◆ **What you need to do**: What needs reproducing is the run of lines in the data below starting at the line with "Rupert Sanderson N" and ending at the line with "450781e8e6ef Детская пижама-кигуруми", both ends included. Copy it exactly, without pictures, and add nothing.

◆ **Supplied data**:

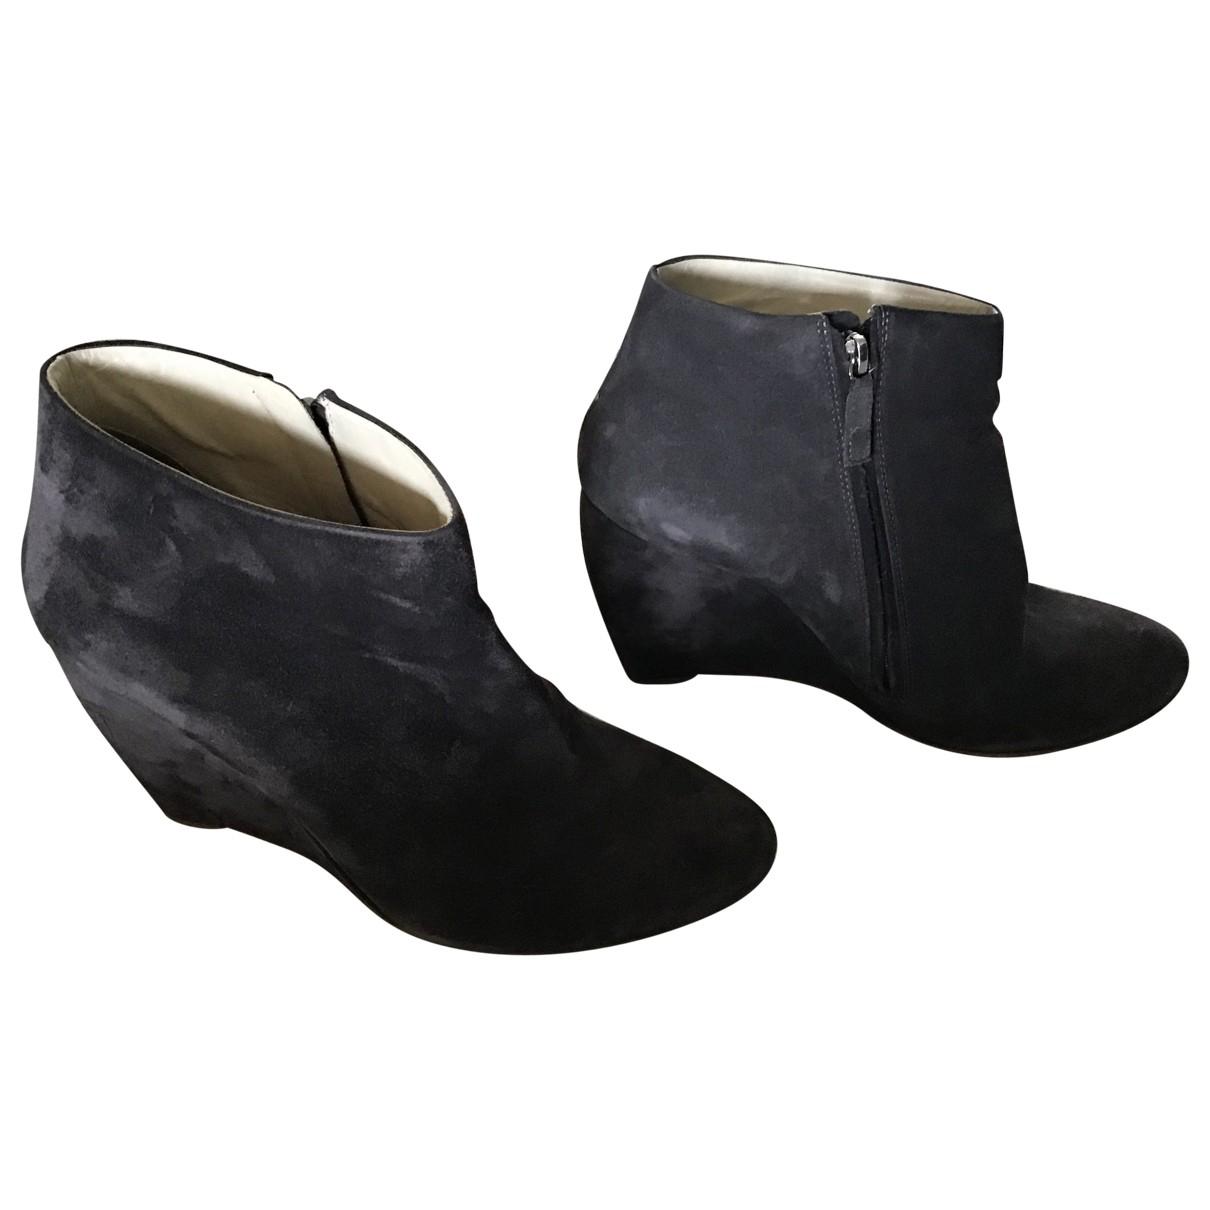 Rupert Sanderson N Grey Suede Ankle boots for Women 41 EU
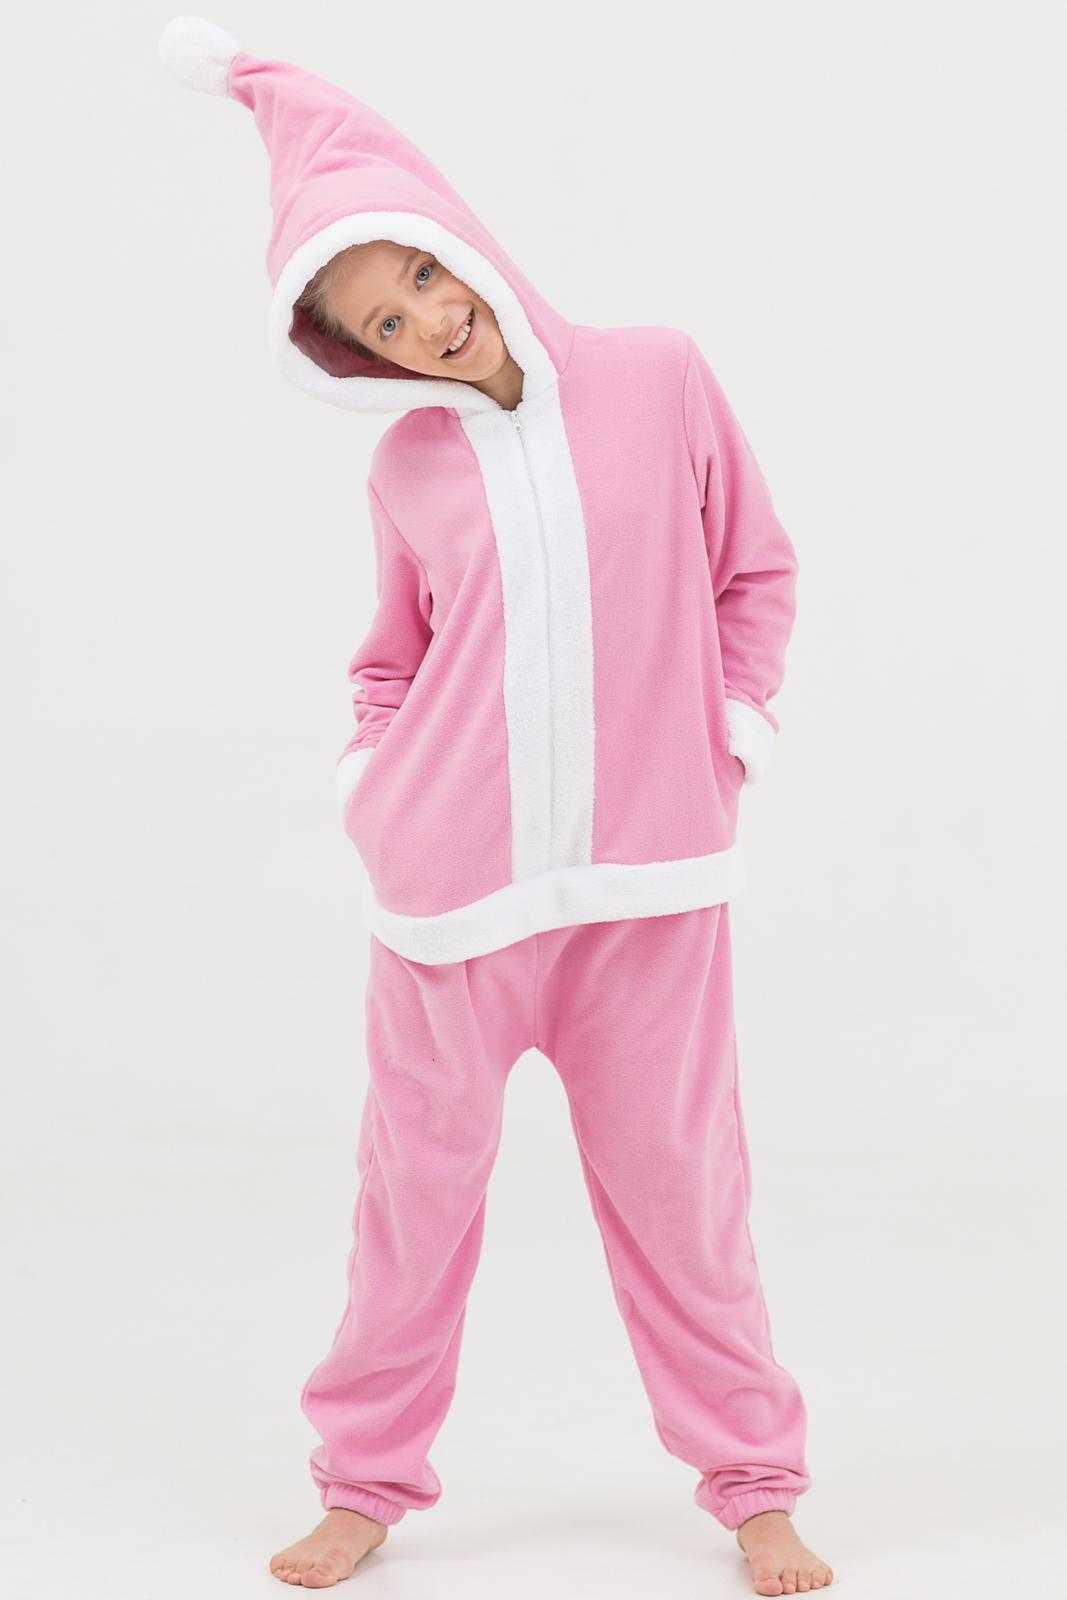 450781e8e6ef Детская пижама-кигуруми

...

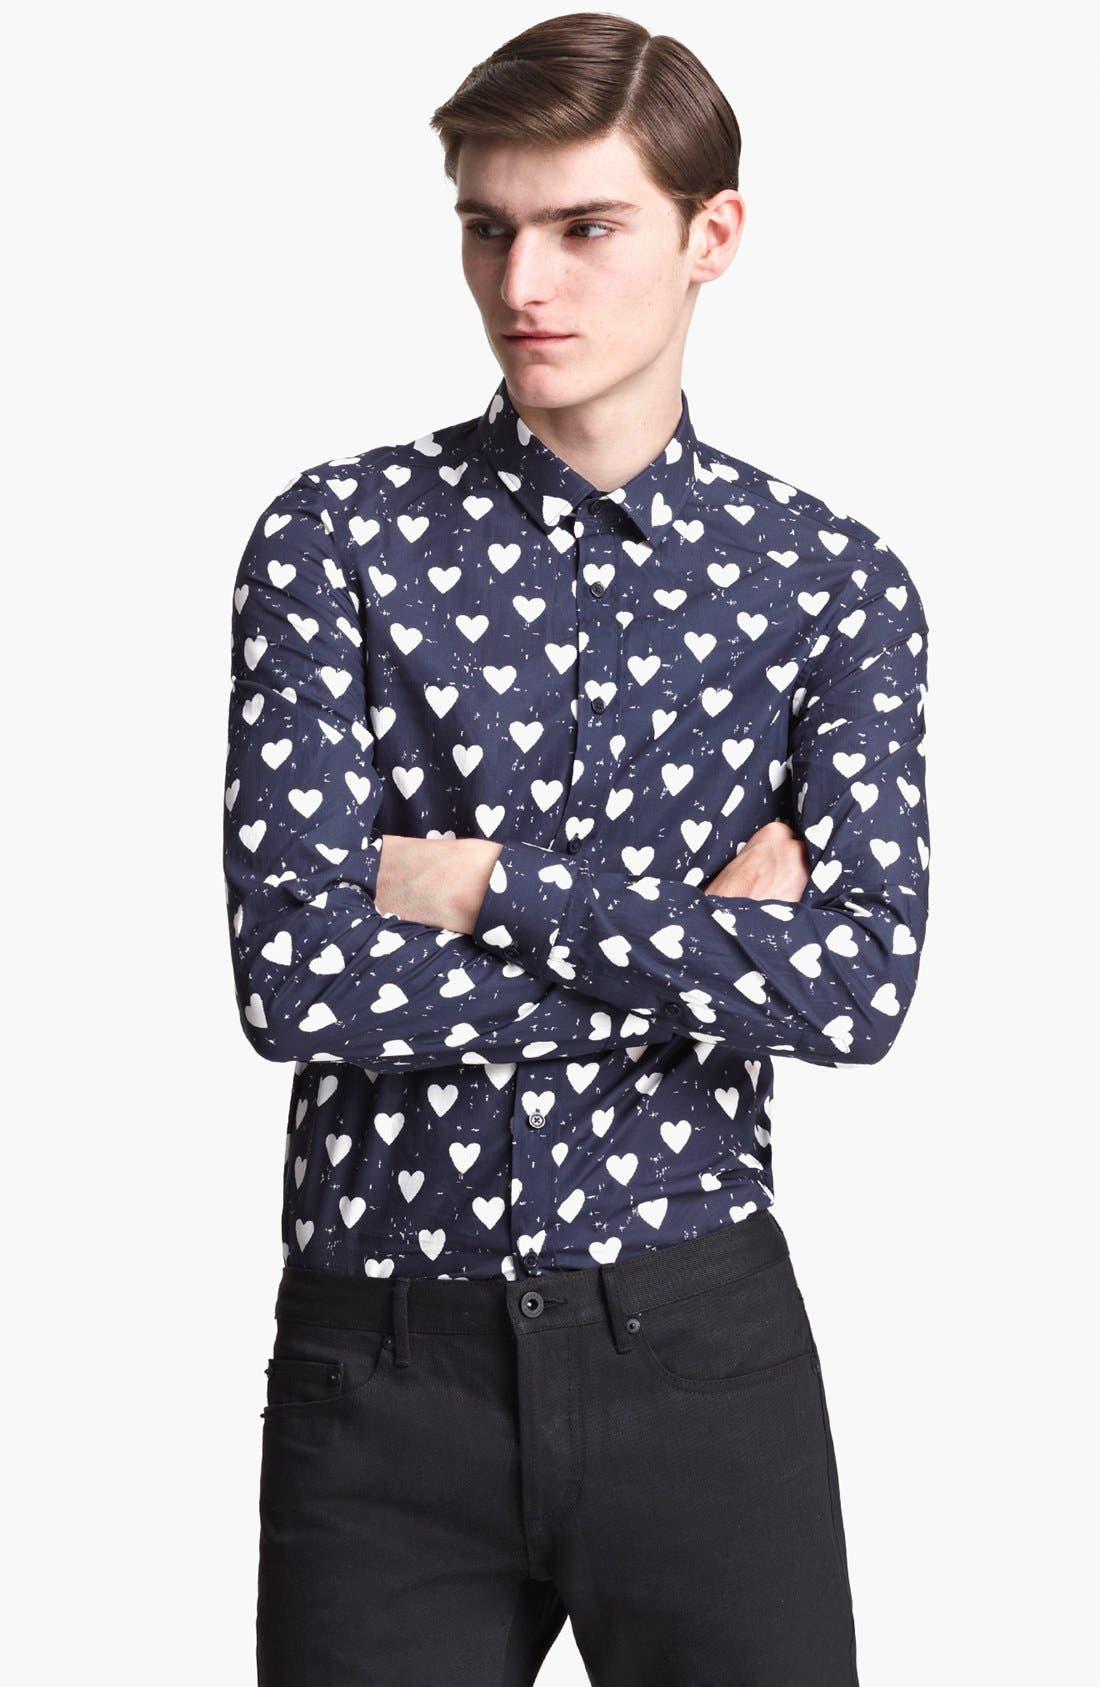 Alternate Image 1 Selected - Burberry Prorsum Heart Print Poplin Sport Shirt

◆ **Solved exercise**:
 Rupert Sanderson N Grey Suede Ankle boots for Women 41 EU
 450781e8e6ef Детская пижама-кигуруми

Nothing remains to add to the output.